The study of languages and their grammar, which includes rules like punctuation, parts of speech, and their order, is called linguistics. The study of linguistics becomes very important for those who are interested in creating their own programming languages as much of the subject areas overlap. Within linguistics, the governing rules of a language are referred to as a language’s syntax.
Referring back to the Thaves quote, even though we can infer the meaning behind what the caveman is trying to say, the order of his words is syntactically incorrect. English syntax would dictate the he should have structured the sentence starting with a noun, and then a verb, followed by a direct object, and so on. The correct syntax for this sentence should have been, “We’ve got words down pretty good. Now we should invent syntax!” The meaning has not changed in this corrected sentence, but the order of the words is now consistent with what has been agreed upon in English as the correct way to state the idea.

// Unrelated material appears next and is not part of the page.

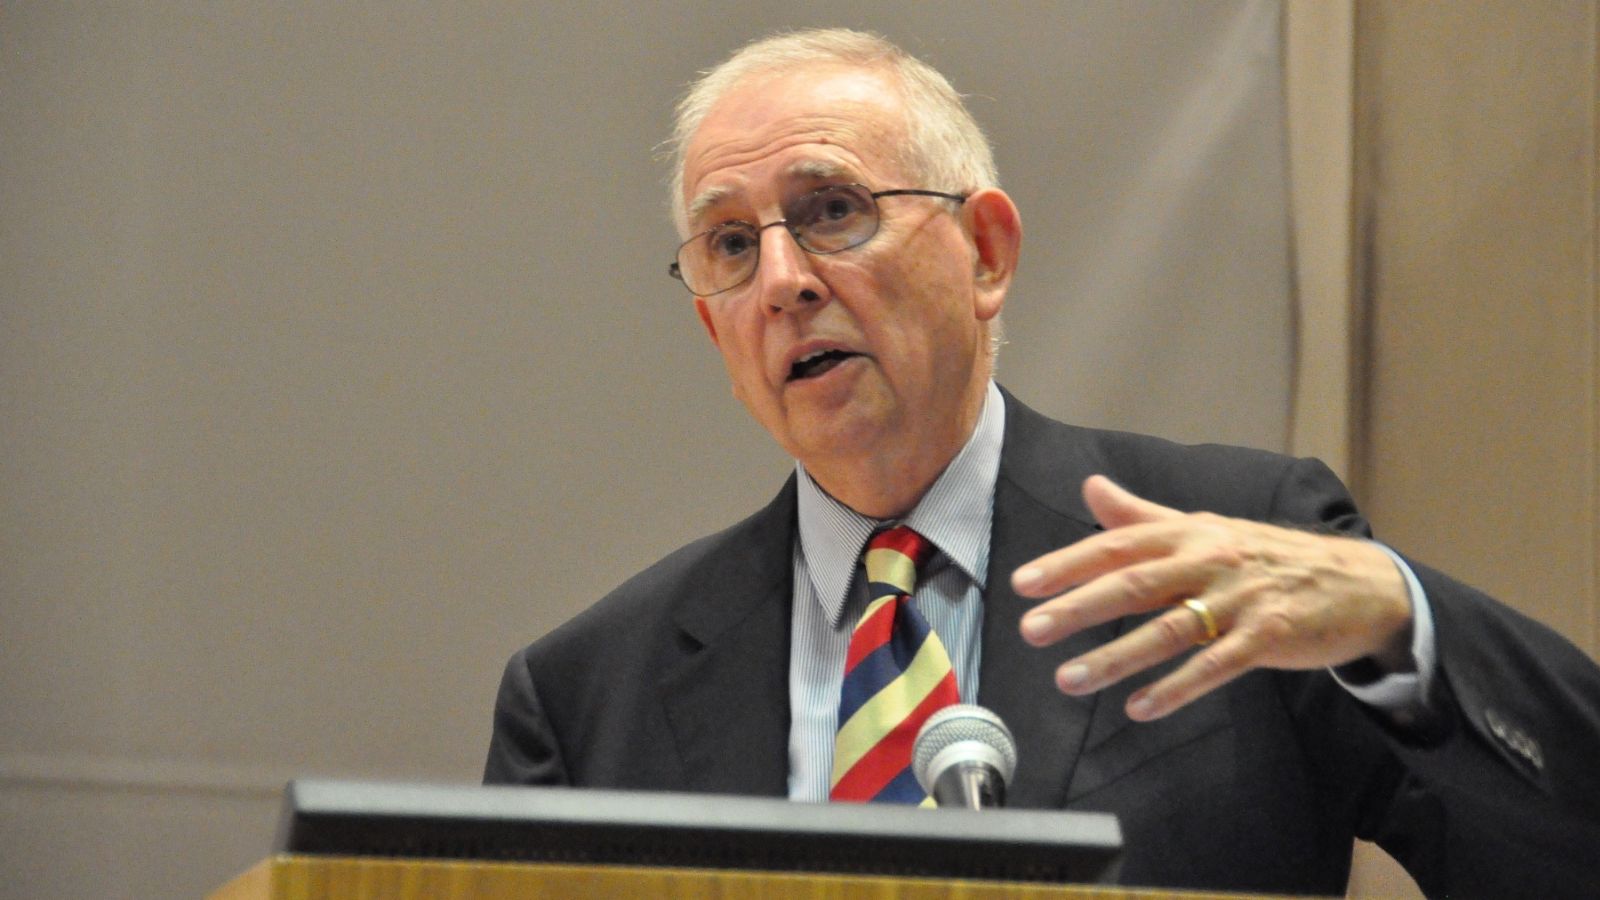 Dr Hugh Mackay speaking during a presentation at a lectern. Photo supplied by Hugh Mackay.

The connotative meaning derived from this properly formatted or syntactically correct sentence is called semantics. As demonstrated earlier, it is possible to have a syntactically correct sentence that is semantically meaningless. These concepts apply equally as well to coded or symbolic language as they do to spoken or written language. For our purposes, it is extremely important that all sentences or code units are both syntactically correct and semantically meaningful as the computer will not be able to interpret your code otherwise. Understanding both syntax and semantics will be very important in your software engineering journey as it will help you best diagnose where potential errors or unexpected behaviors are occurring in your software.
Exercise 3-2
- 1.Which of the following sentences has a syntax error?
- A)
computer science is the study of computation
- B)
a2 + b2 equals c squared
- C)
Software engineering
- D)
All of the above.
- A)
- 2.Which of the following sentences has the most semantic meaning?
- A)
Where did you learn?
- B)
Albeit underwhelming, the study of superfluous references is of the utmost anxieties.
- C)
“Turing Tests” were named after Alan Turing who came up with the idea for measuring artificial intelligence.
- D)
All of the above.
- A)
Summary
In this chapter, you’ve learned the contextual foundation that you will need in order to build your software engineering skill set. Do not move on from this chapter until you feel like you can do the exercises from this chapter in your sleep. You should be able to create and delete files and folders and navigate up and down a tree of files in a file system from the command line with ease. You should also have a thorough understanding of the difference between syntax and semantics and their corresponding impact on spoken and coded languages. In the next chapter, you will begin to get to know the Scala language using mathematical expressions and variable assignments, similar to the work that early computer scientists started with.